TASK
Below are the entries. Transcribe exactly the lines from the one with "Sonor Benny Greb" through the one with "Modello Rednoise - Scarpe", ends included, and leave out all others.

PROVIDED DATA
++++++++++

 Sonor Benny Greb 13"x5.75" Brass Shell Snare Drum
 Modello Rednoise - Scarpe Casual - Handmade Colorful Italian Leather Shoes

++++++++++

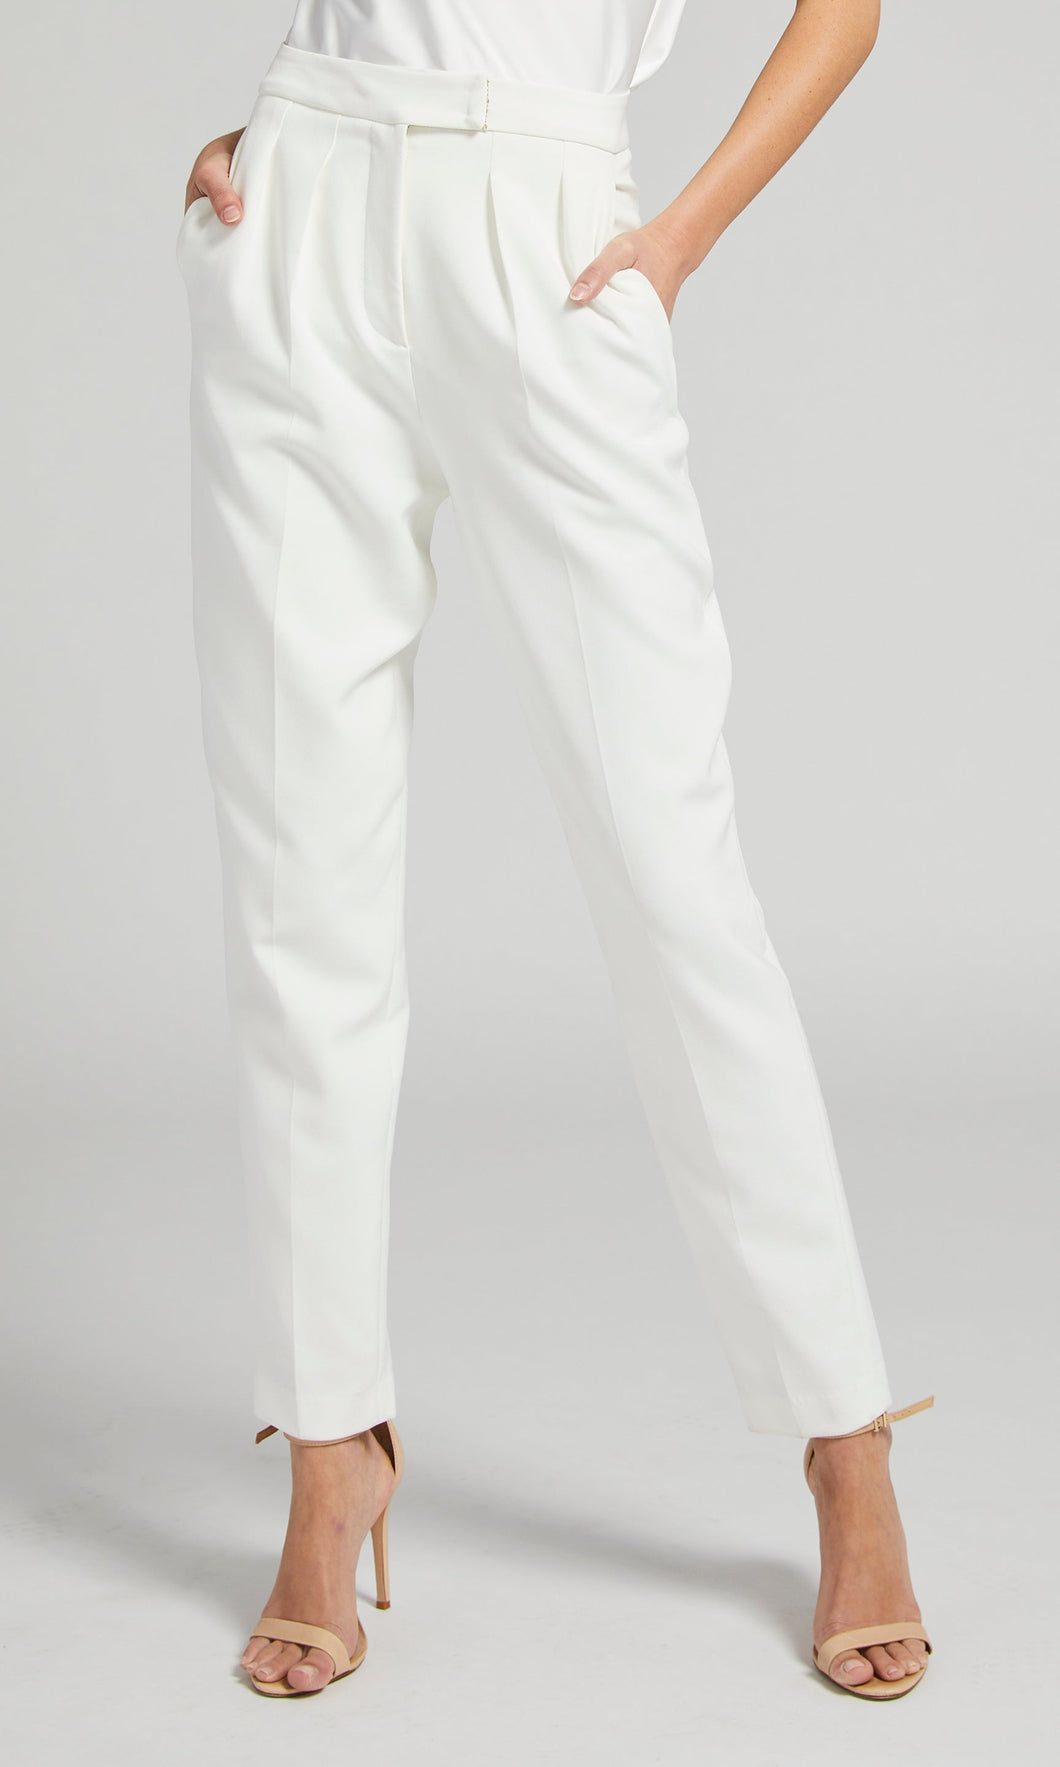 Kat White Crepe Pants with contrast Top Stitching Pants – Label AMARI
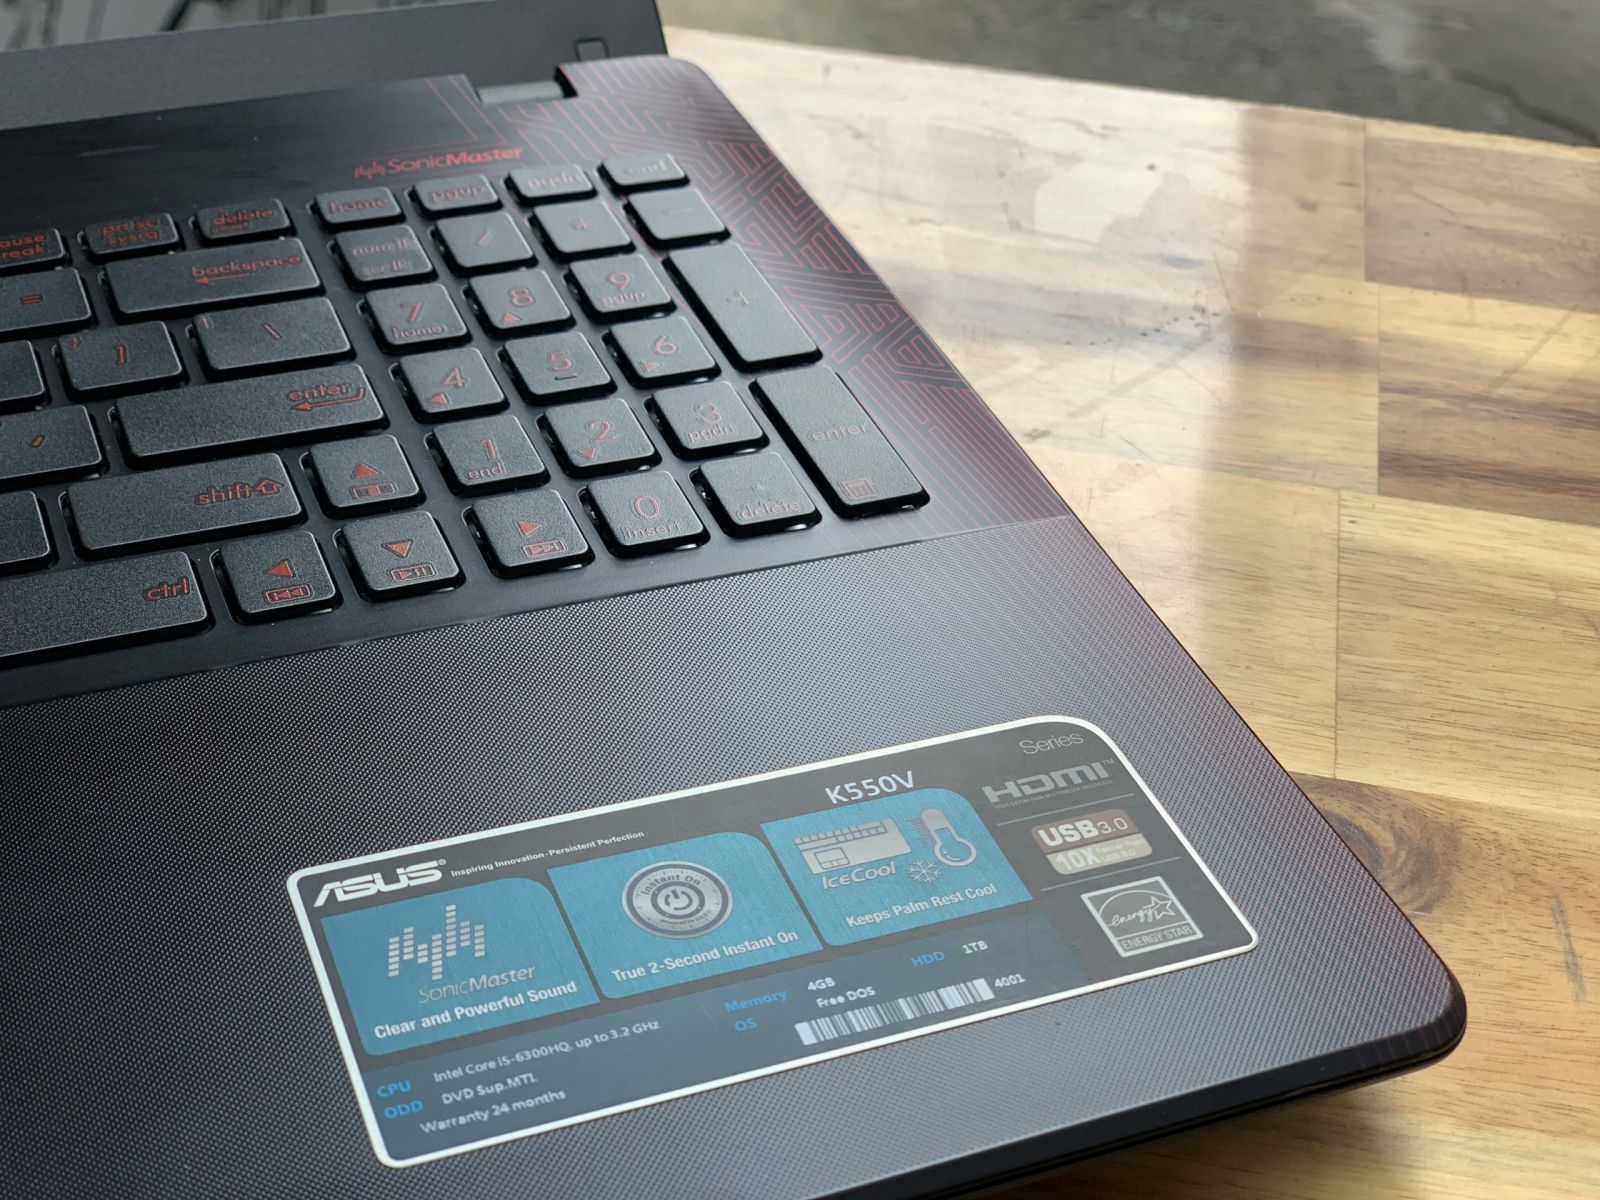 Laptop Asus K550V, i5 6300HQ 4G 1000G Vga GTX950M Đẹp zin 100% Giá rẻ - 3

++++++++++

RESULT
 Sonor Benny Greb 13"x5.75" Brass Shell Snare Drum
 Modello Rednoise - Scarpe Casual - Handmade Colorful Italian Leather Shoes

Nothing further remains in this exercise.